What Happens in an Eye Examination? And What is Eye Testing?

Ophthalmologists or eye doctors play a central and vital role in the health of our eyes and quality of our vision. They are highly qualified and trained (often with 8-10 years of training) medical professionals and specialists in eye care, trained in everything from simply prescribing and fitting contact lenses or spectacles to very highly complex surgical procedures. Some of them are also specialists in a particular area of the eye as well and have additional training in diseases of the retina or cornea, for example. They also deals with health issues affecting the eyeball and may treat these problems using surgery or medication.

Ophthalmologists work in teams that may also include an optometrist and optician and each has a particular role to play. The difference is that an ophthalmologist is medically trained and can also perform surgery, in additional to eye examinations, diagnosis and medical treatment. They may also undertake clinical research in their areas of special interest, as well.

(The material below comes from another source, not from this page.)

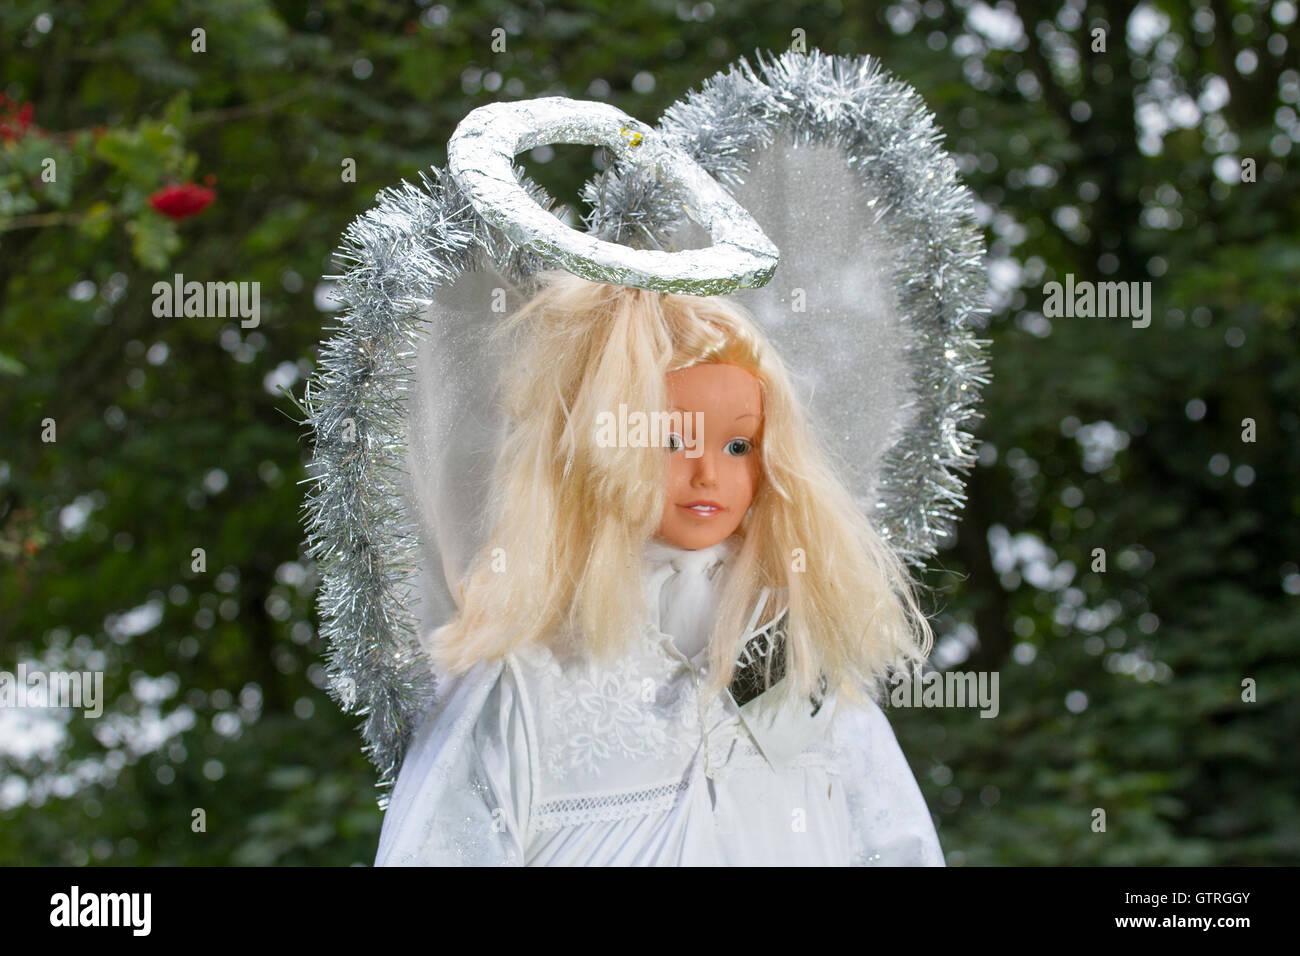 Fallen Angels Stock Photos & Fallen Angels Stock Images - Alamy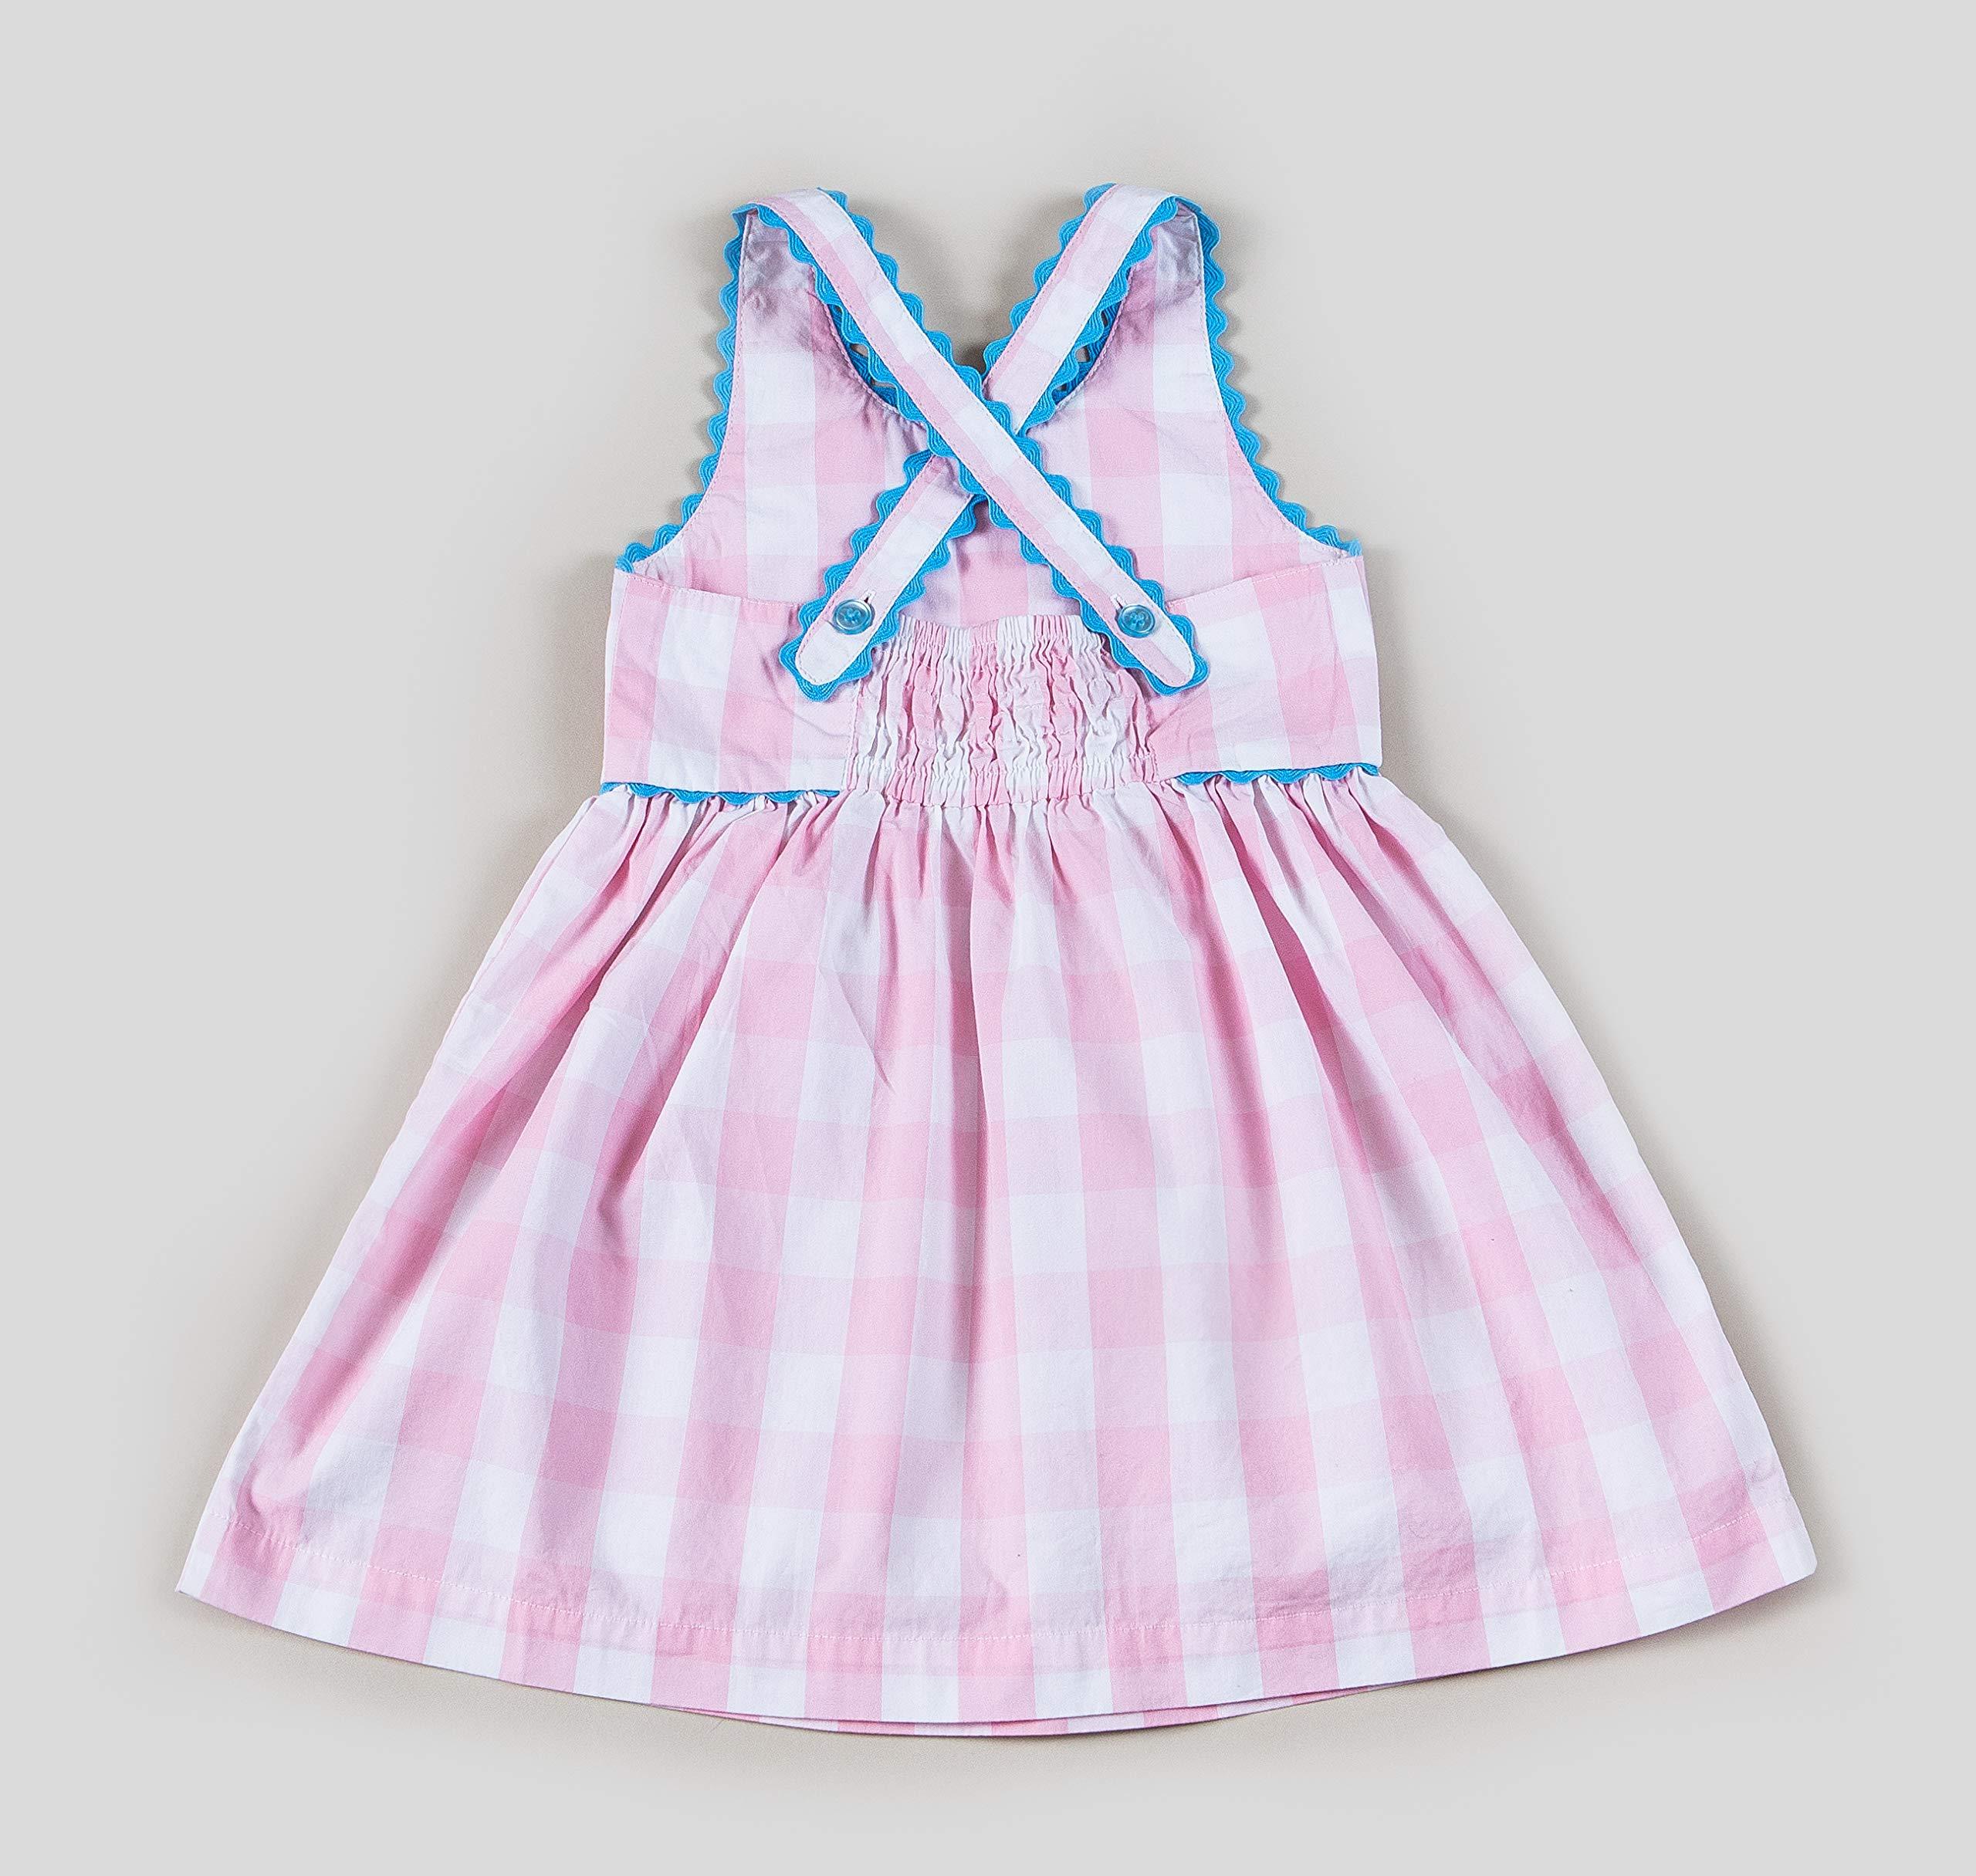 Kinderkind Girls Pink Gingham Off The Shoulder Dress

The ophthalmologist is the first line of defence when you have an eye problem, such as
• Bulging of one or both eyes;
• Dark curtain or veil that blocks your vision;
• Decreased vision, even if temporary;
• Diabetes mellitus;
• Distorted vision;
• Double vision;
• Excess tearing;
• Eyelid abnormalities;
• Family history of eye disease;
• Halos (colored circles around lights);
• High blood pressure;
• Injury to the eye;
• Loss of peripheral (side) vision;
• Misaligned eyes;
• New floaters (black “strings” or specks in the vision) and/or flashes of light;
• Pain in the eye;
• Thyroid disease-related eye problems (Graves’ disease);
• Unusual red eye.

The typical kind of care that ophthalmologists provides includes eye examinations, medical treatment and care for patients with eye diseases such as glaucoma, surgical procedures for conditions such as cataracts, as well as a whole range of diagnostic techniques and treatment of chronic eye diseases such as diabetic eye disease, and even oculoplastic procedures (cosmetic surgery).
Ophthalmologists diagnosis, treat and prevent eye diseases and problems with the visual system in patients of all ages, from newborn babies to elderly adults.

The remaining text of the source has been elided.